Rajasthani and Haryanvi cuisine uses sesame oil as the primary cooking fat — it handles the high heat of traditional cooking and pairs well with the robust spicing of the region.

South Indian cooking uses gingelly oil (another name for cold-pressed sesame oil) for tempering, marinades, and rice preparations. The light, nutty flavour complements tamarind, coconut, and curry leaf.

Pickles (achar): sesame oil is the traditional preserving oil for many pickle recipes because its natural antioxidant compounds help prevent rancidity. A well-made pickle in sesame oil will last for months or years.
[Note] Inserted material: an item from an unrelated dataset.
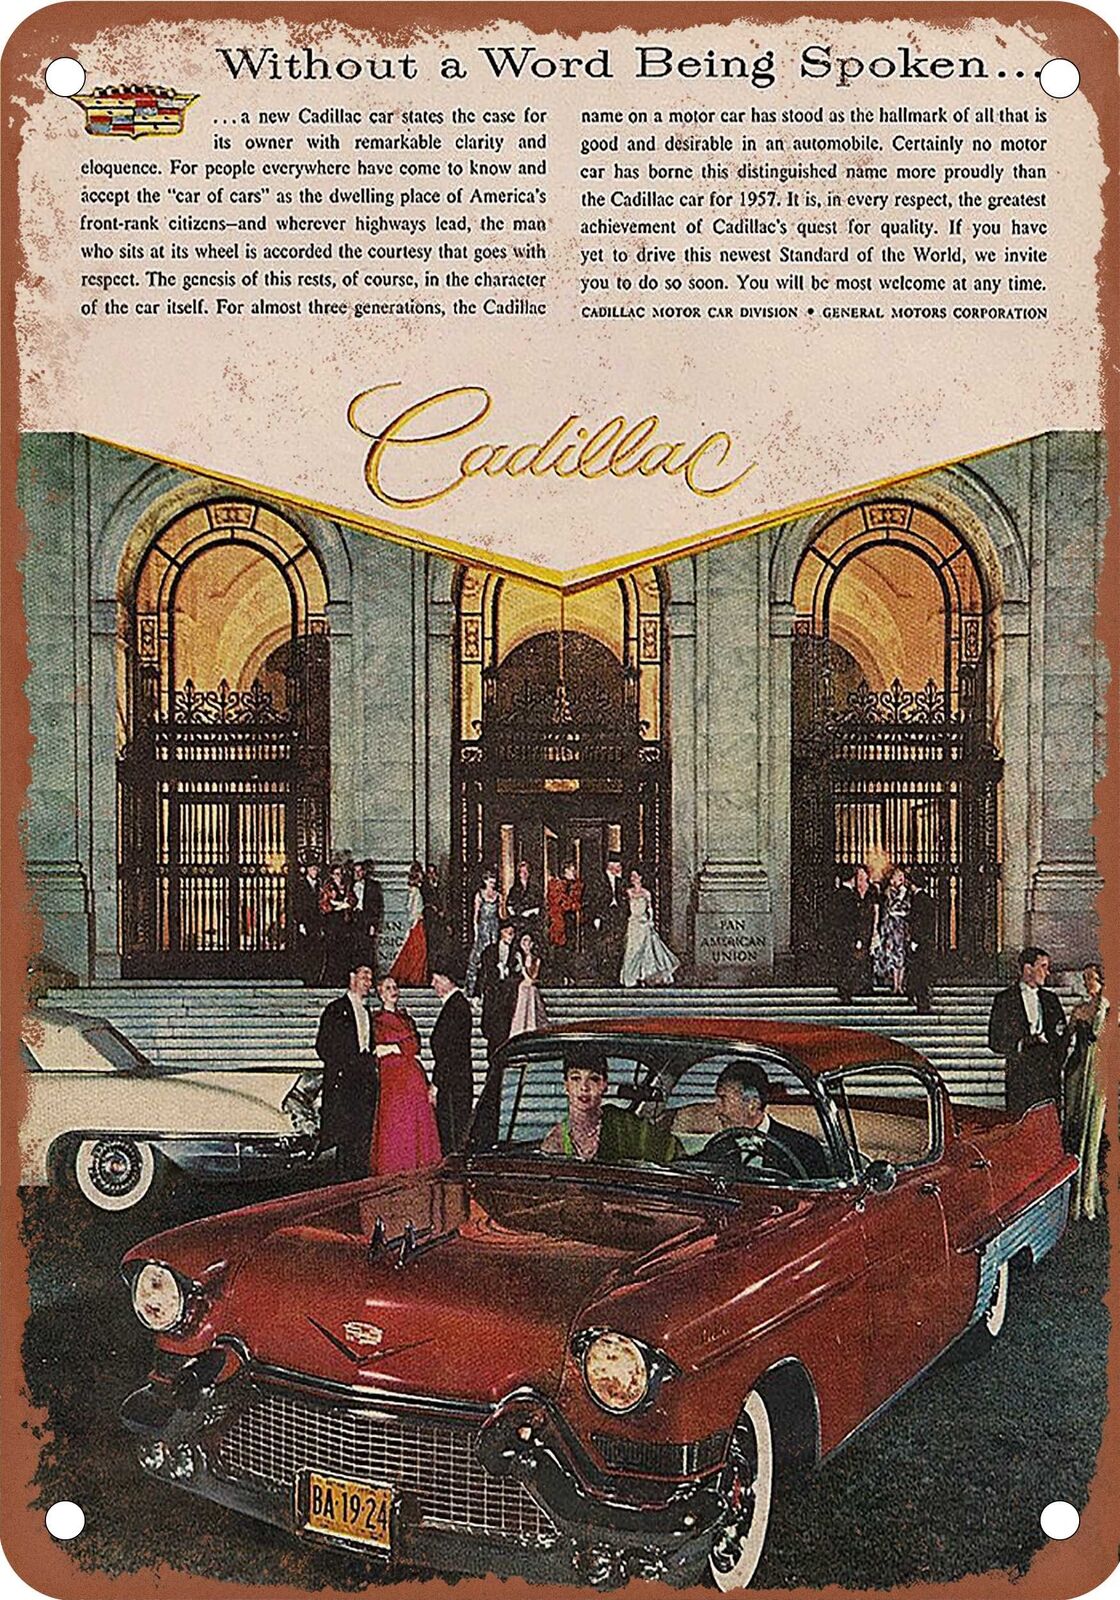 METAL SIGN - 1957 Cadillac Vintage Ad 07 - Old Retro Rusty Look

Ayurvedic oil pulling and massage: sesame oil is the base oil in most traditional Ayurvedic therapies. Its composition is considered warming and penetrating in classical Ayurvedic theory.

Buying and Storing

For cooking, you want cold-pressed light sesame oil — pale coloured, mild aroma. For a finishing drizzle on soups or dal, a small bottle of dark sesame oil is useful.

Sesame oil is one of the more shelf-stable cold-pressed oils due to its natural antioxidants, but it still benefits from storage in a cool, dark place. In warm Indian climates, keeping an opened bottle in the refrigerator extends its life.